Candidate Q&A: Markley Rogers

What follows is a partial transcription of an interview The Daily Cougar conducted with SGA presidential candidate, Markley Rogers. Each of the SGA presidential candidates will be featured in our “Candidate Q&A” series this week.

The Daily Cougar: What are three things the voters should know about you?

Markley Rogers: Well, the first is something I have in common with everyone on campus — I love the University of Houston.

The second is that I have a record of service to the University. When Gov. Perry was proposing budget cuts to higher education, I used my capacity as associate director of external affairs with SGA to organize a rather sizable group of students to go up to the capitol during spring break and we met with every representative and every senator in the Texas congress and spoke to them about the budget cuts and proposed methods that could lessen the blow to the University of Houston.

And third would be that I have the capacity to do good things for the University, and I’m wanting to get elected so that I can have the means by which to use it. Right now I don’t have that much authority in the University, but I know if I were to be elected I could benefit the campus.

TDC: What qualifies to you be president?

MR: I have built relationships with people in the administration and I’ve built plenty of relationships with people outside administration. Working in my capacity of associate director of external affairs, my job was to be the liaison between the Student Government Association and the outside world. So I spoke with people in the capitol; I spoke with local businesses. So, I have experience being a liaison.

Also, Connor Clifton, Matt Womack and myself founded Coog Radio, and through doing that, I built relationships with people like Dr. Carlucci and Elwyn Lee. I met with Renu Khator. So, I already have a set relationship with these people. If I were elected, I would already have a launch pad for myself. So I would be able to go in with guns blazing, if you will.
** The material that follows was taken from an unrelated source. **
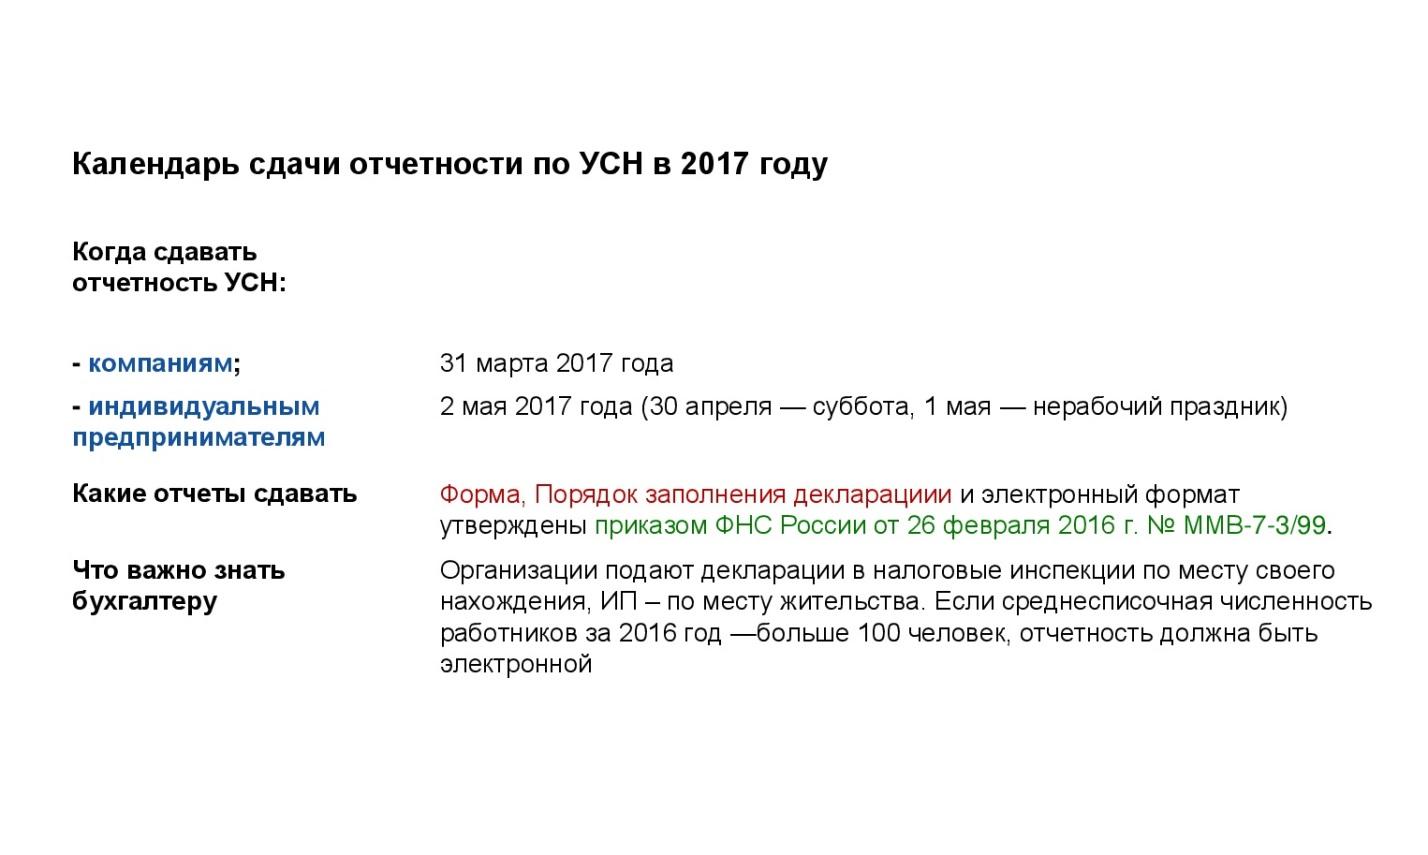 календарь сдачи отчетности УСН 2017
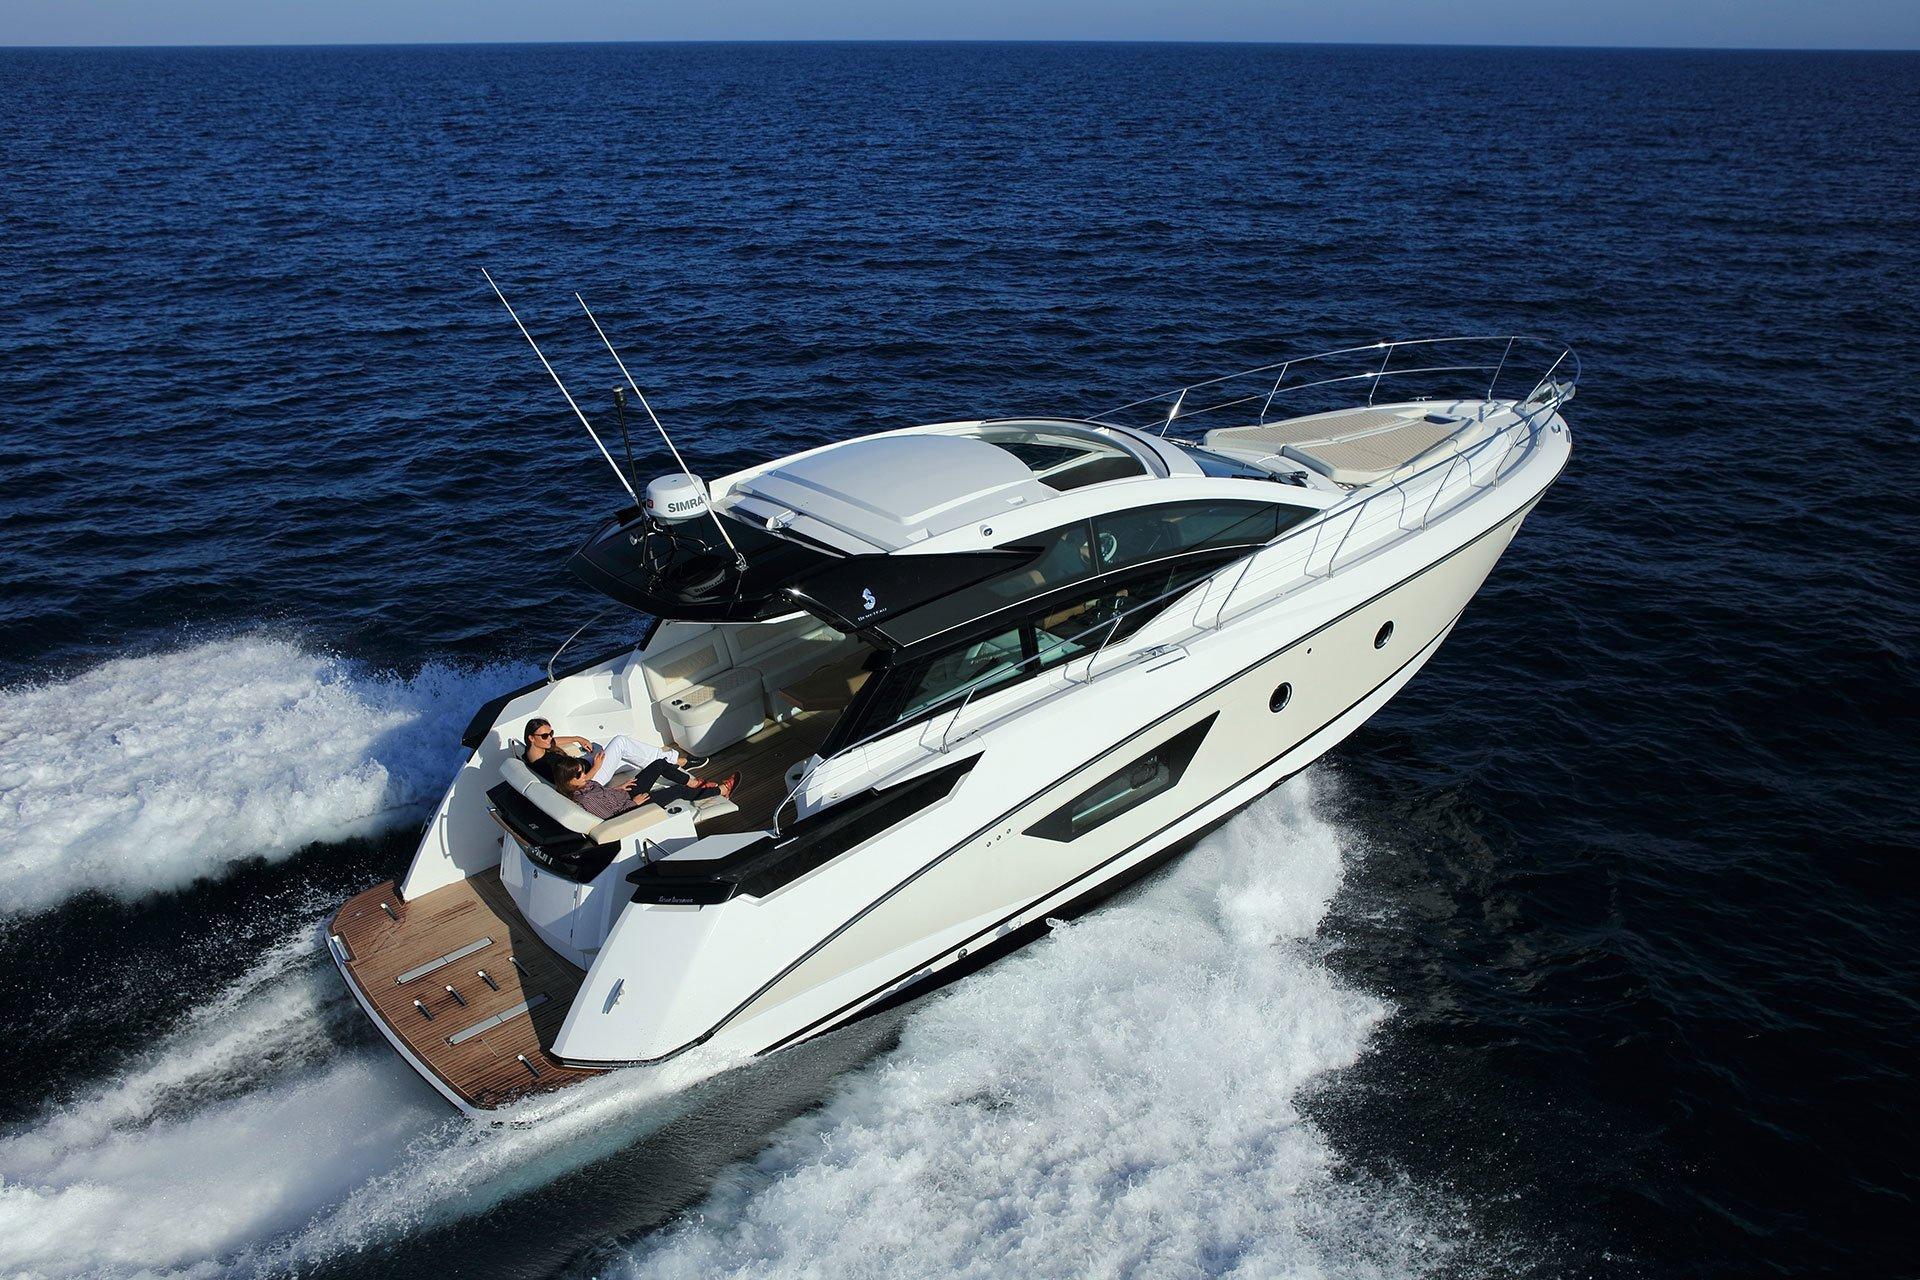 Beneteau gran turismo 46 luxury motor yachts for sale for Large motor yachts for sale

TDC: If you were elected, what would change? How would having you as president be different from having Michael Harding as president?

MR: My main thing — my slogan for the campaign — is “Breaking barriers for better access.” My goal in SGA is to meet with the student body, to hear what the student body wants and to accomplish that through whatever means I can. I’m not saying that electing me will make the campus’ dreams come true, but through whatever means are available to me, I will accomplish what the student body wants.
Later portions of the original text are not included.